Такого рода мыслительные конструкции в прозе Достоевского, имеющие отношении к еврейским персонажам, будут проанализированы отдельно в последней главе нашей книги. Когда же нас интересует не беллетристика, а публицистика Достоевского, главным образом его статьи по «еврейскому вопросу», то рассматриваемые тексты оказываются «площе» и проще. В отличие от художественных текстов, в них нет той многослойности, что позволяет говорить о глубинном или герменевтическом прочтении. Кроме того, горячая пафосность и провокативная актуальность публицистических текстов Достоевского – эта, образно говоря, «активная поверхность», закрывает и затрудняет проникновение вглубь, на те уровни его мысли, где антиномически сталкиваются и пересекаются самые разные субъективные значения. Известный русский мыслитель и литературный критик Федор Степун писал по этому поводу:
Достоевский был не только художником, но и очень страстным, горячим, на все отзывающимся публицистом <…>. Казалось бы, поэтому, что в публицистике Достоевского и надо искать его миросозерцание. Но <…> всякая публицистика, как форма творчества, не может, как бы талантлив не был публицист, дышать на той высоте, на которой дышит художественное произведение. Как не блестящ и умен «Дневник писателя», он все же не дает нам того, что дают «Идиот», «Бесы», «Подросток» и «Братья Карамазовы». Вражда к католичеству слышится, конечно, и в «Легенде о Великом инквизиторе», но это не помешало «Легенде» вырасти в одно из самых значительных художественных произведений, рядом с которым так неприятно кустарно звучат рассуждения о том, что коммунизм победит в Европе лишь тогда, когда свергнутый буржуазией со своего престола Папа возглавит коммунистическую революцию.

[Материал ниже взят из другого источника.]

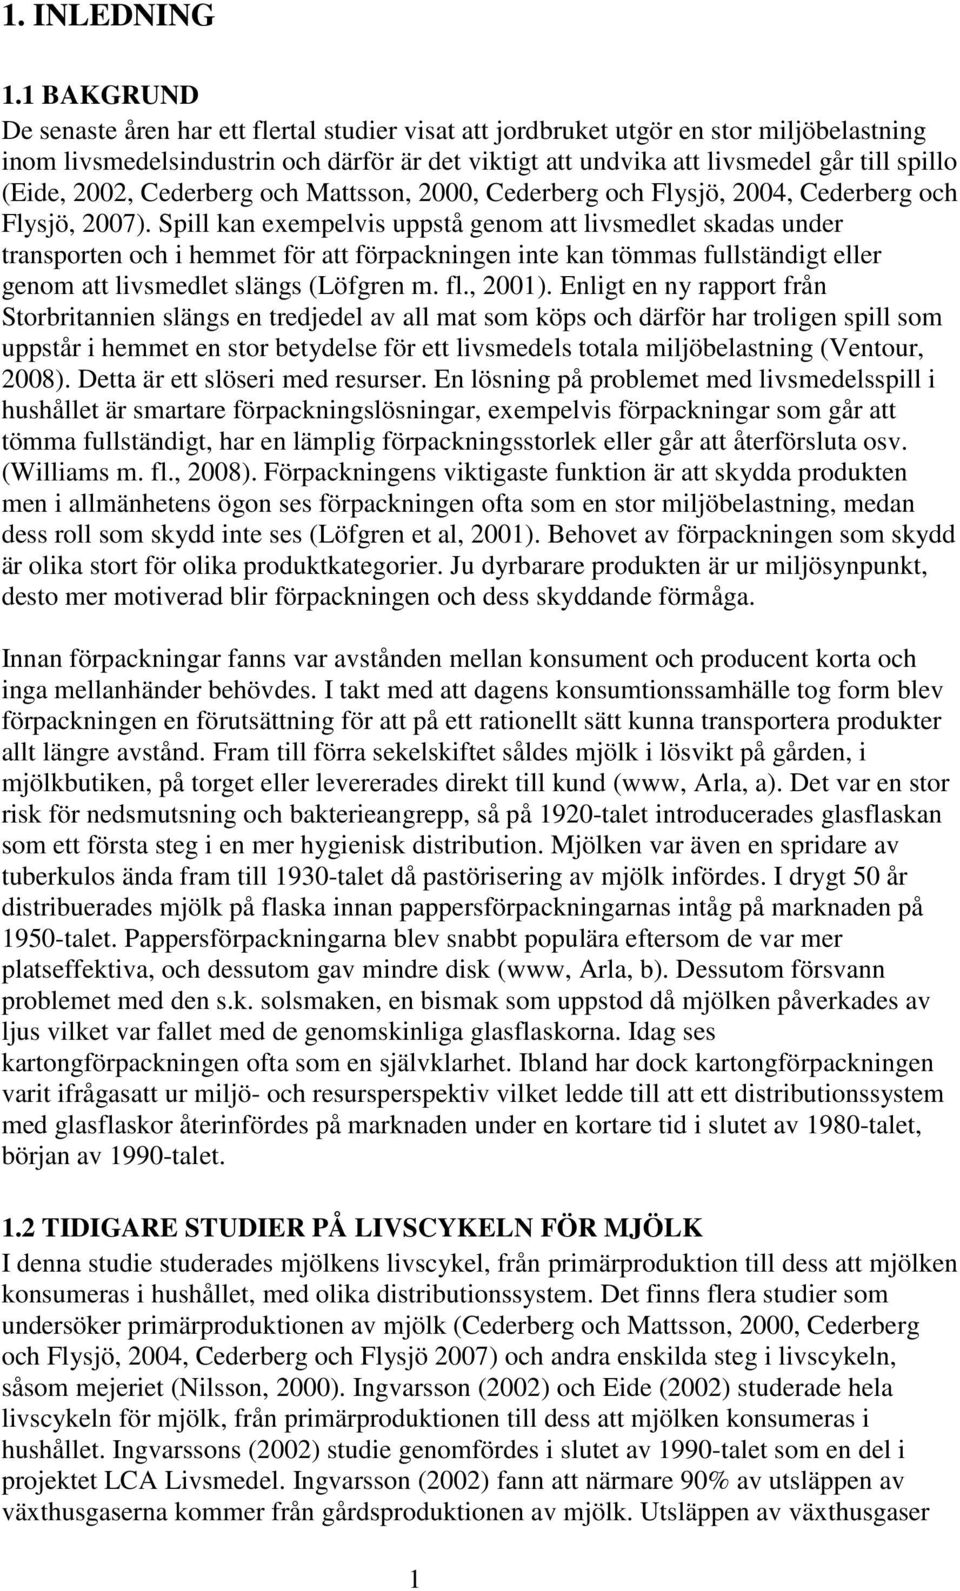 (Eide, 2002, Cederberg och Mattsson, 2000, Cederberg och Flysjö, 2004, Cederberg och Flysjö, 2007).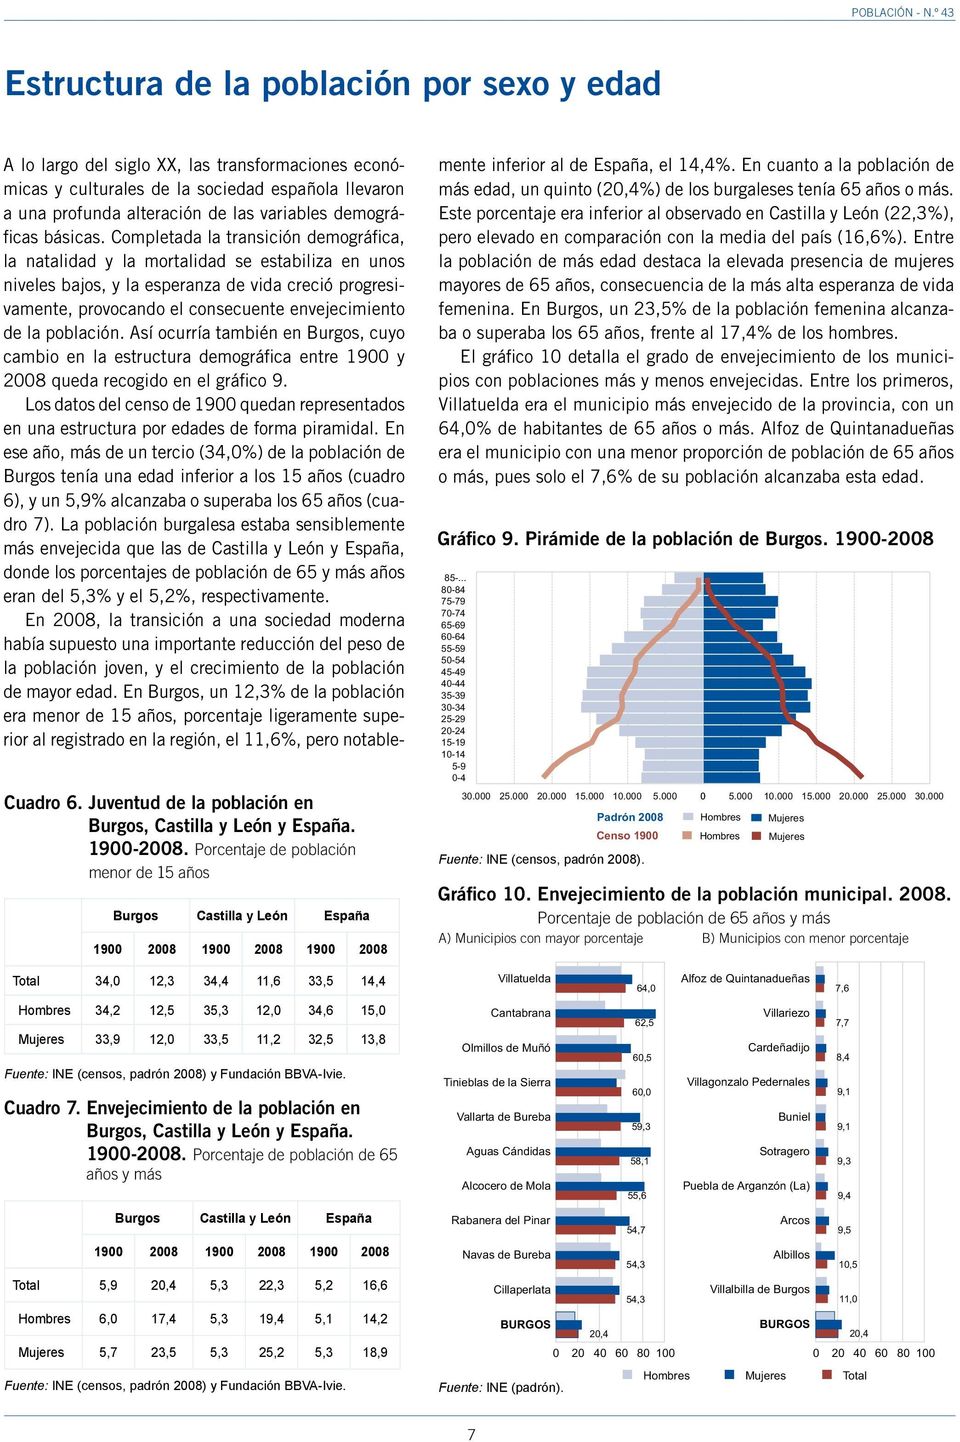 Envejecimiento de la población en, Castilla y León y España. 9-28.

Не иначе обстоит дело и с национализмом Достоевского. Как ни ложно и опасно убеждение Шатова, что вера в сверхнационального Бога неизбежно ведет за собой духовную смерть народа, оно все же неизмеримо выше публицистического силлогизма: второе пришествие должно произойти в Палестине, но одновременно и в последней христианской стране Европы, которую «Царь небесный исходил, благословляя». Из этого следует, что Палестина должна стать нашей.
Этих двух примеров достаточно, чтобы убедиться в том, до чего опасно превращать публициста Достоевского в истолкователя его миросозерцания. На этом пути можно легко снизить и исказить его глубокие мысли [СТЕПУН].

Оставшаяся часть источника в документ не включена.